METHODS: The study included 60 patients with hormone-naive, bone metastatic prostate cancer that was initially treated with combined androgen blockade therapy. The BONENAVI system was used for calculating the BSI. We evaluated the correlation between overall survival (OS) and pretreatment clinicopathological characteristics, including patients' age, initial prostate-specific antigen (PSA) value, Gleason scores, clinical TNM stage, and the BSI. Cox proportional hazards regression models were used for statistical analysis.
RESULTS: The median follow-up duration was 21.4 months. Clinical or PSA progression occurred in 37 (61.7%) patients and 18 (30.0%) received docetaxel. Death occurred in 16 (26.7%) patients. Of these deaths, 15 (25.0%) were due to prostate cancer. The median OS was not reached. In multivariate analysis, age and the BSI were independent prognostic factors for OS. We evaluated the discriminatory ability of our models, including or excluding BSI by quantifying the C-index. The BSI improved the C-index from 0.751 to 0.801 for OS. Median OS was not reached in patients with a BSI ≤ 1.9 and median OS was 34.8 months in patients with a BSI >1.9 (p = 0.039).
CONCLUSIONS: The pretreatment BSI and patients' age are independent prognostic factors for patients with hormone-naive, bone metastatic prostate cancer.

Background

Prostate cancer is the most common noncutaneous cancer, and the second most frequent cause of death from cancer among men in the USA. In Japan, 11,507 men were estimated to die of prostate cancer in 2014, making this disease the sixth leading cause of death from cancer [1]. The incidence of prostate cancer is lower in Japan than in the USA and other Western countries. However, this incidence has been gradually increasing in Japan in recent years [1]. Huggins and Hodges [2] reported the efficacy of androgen deprivation therapy for advanced prostate cancer in 1941. Although 80–90 % of prostate cancers with metastasis respond to initial androgen ablation therapy, most patients finally develop castration-resistant prostate cancer (CRPC) [3, 4]. Patients with CRPC show progression of systemic symptoms and local complications. One report showed that the median survival time among patients with advanced prostate cancer was 29 to 34 months from initial treatment [5], and another study reported a 5-year survival rate of 20–30 % [6]. Because these reports showed a wide range of survival probability, more accurate information on patients’ characteristics related to survival is required.
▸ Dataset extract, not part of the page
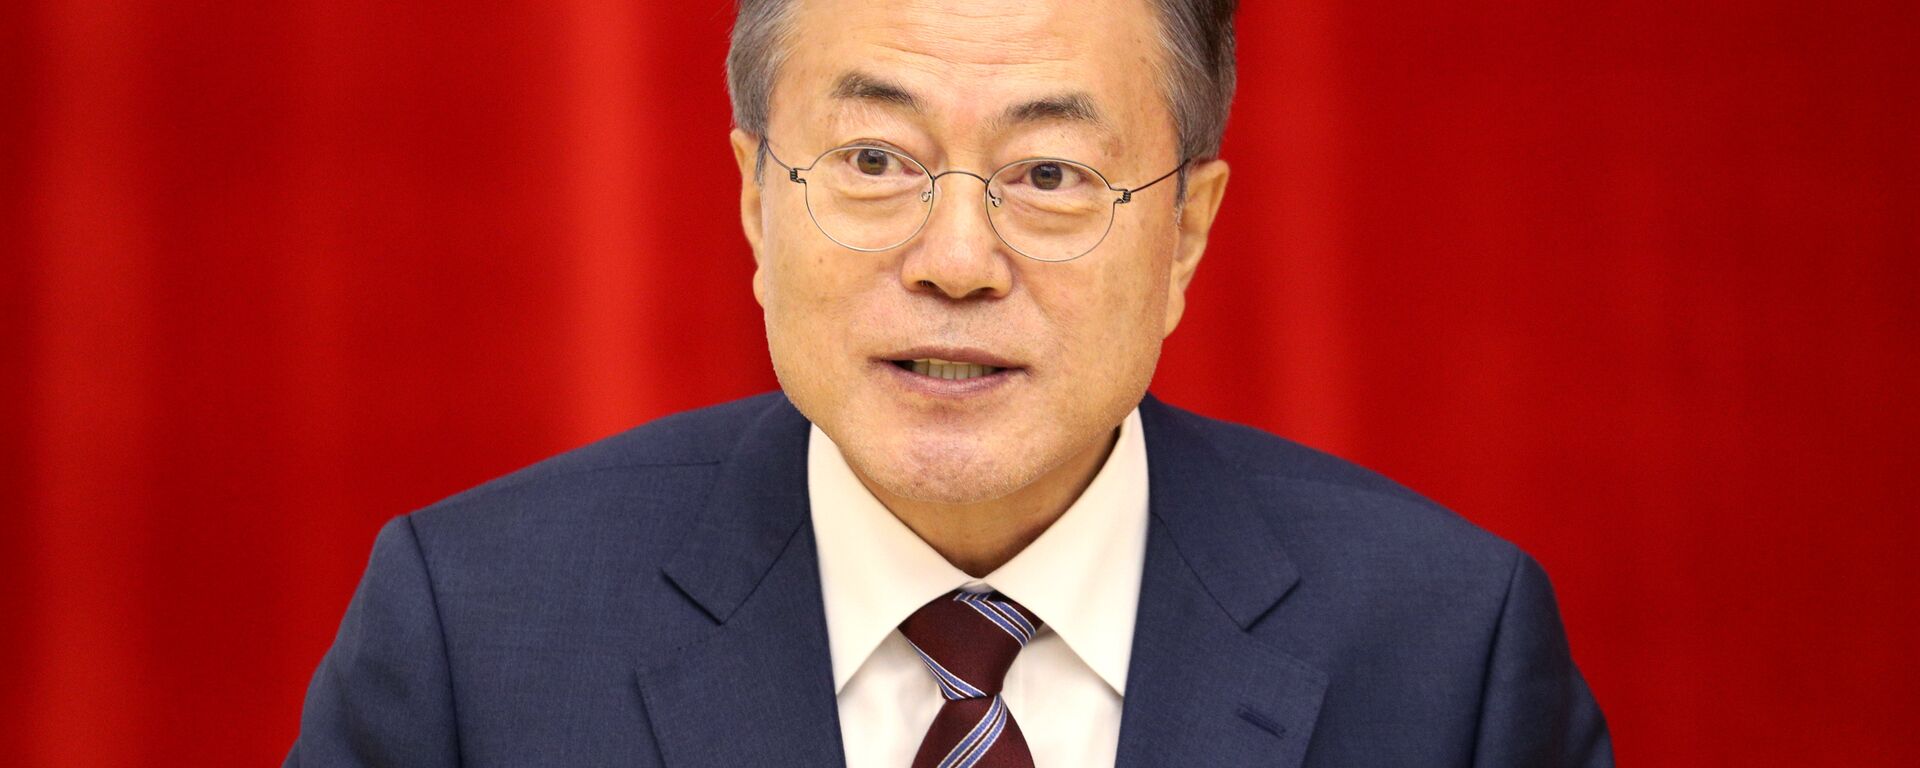 El presidente de Corea del Sur, Moon Jae-in - Sputnik Mundo, 1920, 07.06.2021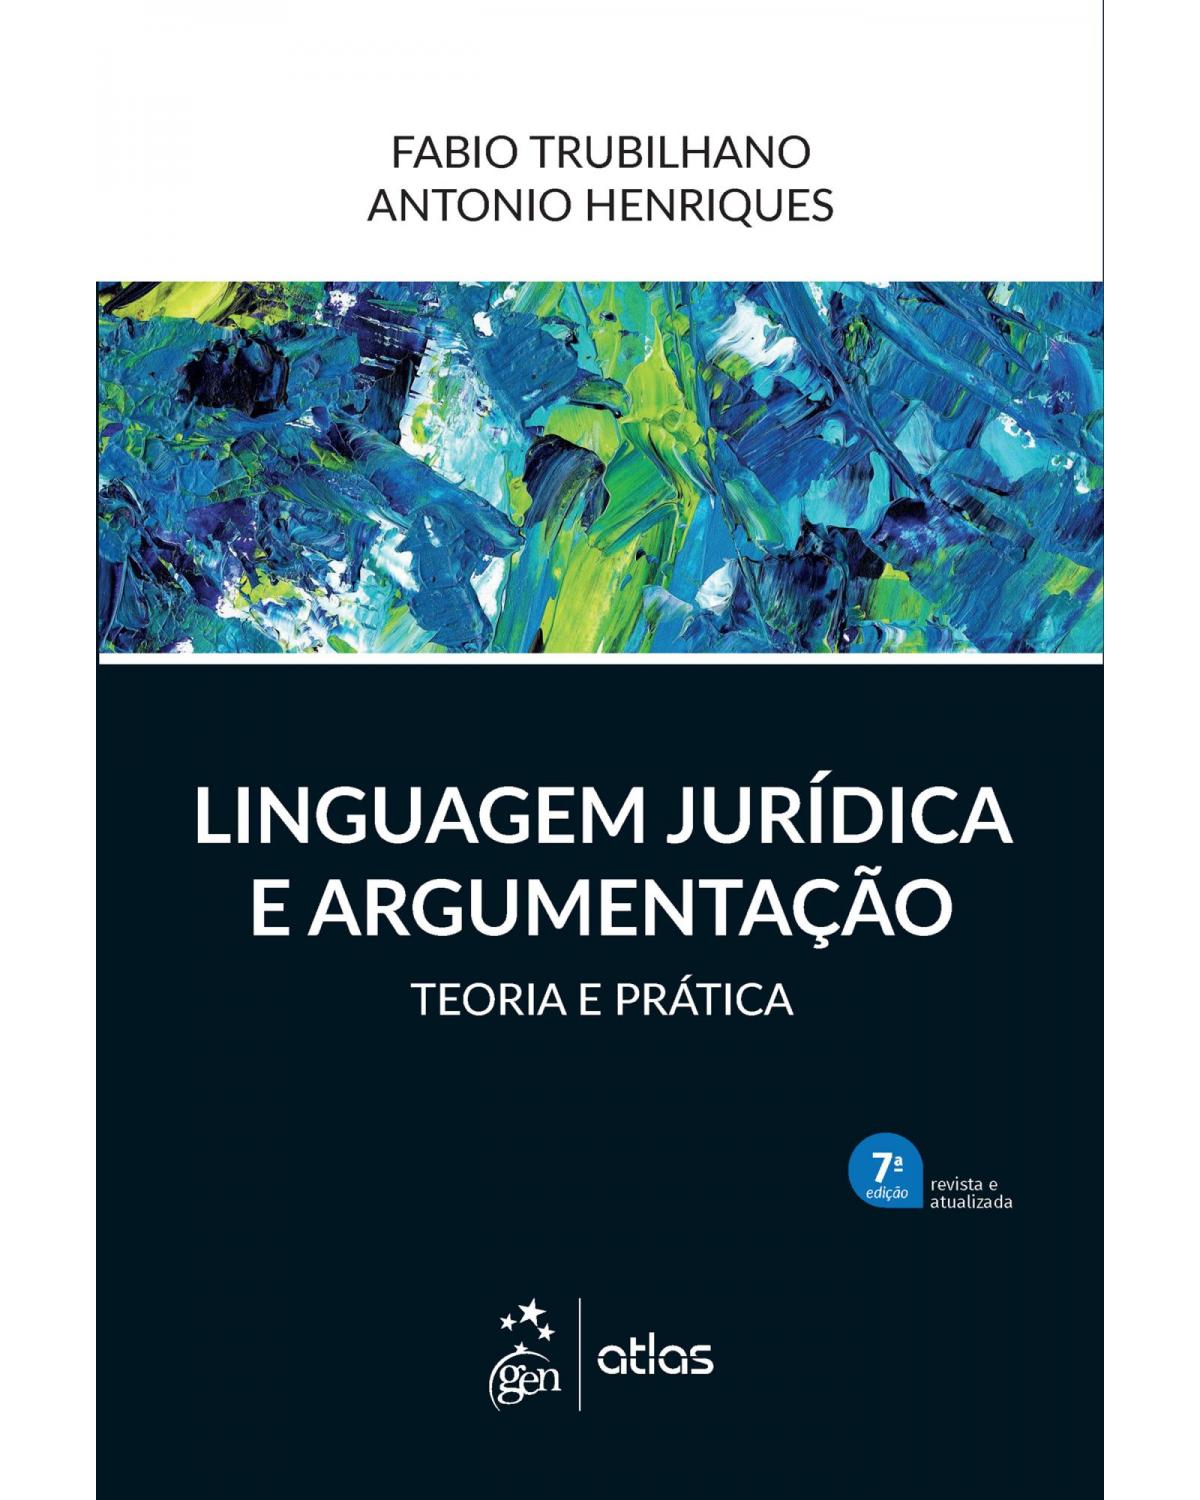 Linguagem jurídica e argumentação - Teoria e prática - 7ª Edição | 2021

Several groups have reported prognostic models for survival of patients with progressive disease [7-10]. Most of these reports were of prognostic models for patients with CRPC. There are few reports on prognostic models for patients with metastatic prostate cancer before treatment. A large study on the prognosis of patients with pre-hormonal therapy prostate cancer was reported in Japan and the USA [9]. However, in this previous study, the endpoint was not survival, but recurrence. Previously, we reported a nomogram for overall survival (OS) of patients with bone-metastatic, hormone-naive prostate cancer [7]. This nomogram comprised five pretreatment prognostic factors (patient’s age, clinical T stage, classification of bone metastasis extension [extent of disease on bone scan, EOD scores] [11], Gleason scores, and PSA) selected by multivariate analysis. Among these prognostic factors, only EOD scores are subjective and semi-quantitative. Therefore, an objective and quantitative scoring system for evaluation of bone metastasis might be ideal and warranted. Recently, a computer-aided diagnosis system (BONENAVI) for bone scans has been developed. The BONENAVI system can calculate the “bone scan index (BSI)”, which provides an objective and quantitative measure of the percentage of the skeleton involved by bone metastases [12]. It is anticipated that a BSI that uses a computer-aided diagnosis system for bone scans will become an objective and quantitative clinical tool for evaluating bone metastatic prostate cancer. The BSI has been reported as being useful as a survival predictor among men with prostate cancer with various conditions such as hormone-naive prostate cancer or CRPC [13, 14].

In this study, we analyzed the relationship between the prognosis of prostate cancer and pretreatment clinical factors, including the BSI as calculated by BONENAVI for OS of patients with bone metastasis. This study aimed to determine whether the BSI is useful as a prognostic marker of hormone-naive, pretreatment prostate cancer with bone metastasis.

Methods

Patients and treatments

From 2010–2014, 60 consecutive patients with bone-metastatic prostate cancer were treated at Yokohama City University Hospital and associated hospitals. All of the patients already had metastasis at the time of diagnosis, and none of the patients had been previously treated. This study was a retrospective cohort study. This study was approved by institutional review board of Yokohama City University Medical Center and all subjects signed a written informed consent form.

All of the patients had adenocarcinoma of the prostate, confirmed histologically, with distant metastasis (any T, any N, M1b-c). The 2009 TNM clinical staging system and 2005 International Society of Urologic Pathology Gleason grading system were used. In all of the patients, the clinical stage was evaluated by chest and body computed tomography and bone scans. Based on the number or extent of metastases, the scans were divided into the following five grades according to the EOD on the bone scan [8]: 0, normal or abnormal due to benign bone disease; 1, fewer than six bony metastases, each of which is less than 50 % of the size of a vertebral body (one lesion approximately the size of a vertebral body was counted as two lesions); 2, from 6–20 bone metastases, sized as described above; 3, more than 20 metastases, but fewer than those observed in a “superscan”; and 4, a “superscan” or its equivalent (i.e., more than 75 % of the ribs, vertebrae, and pelvic bones).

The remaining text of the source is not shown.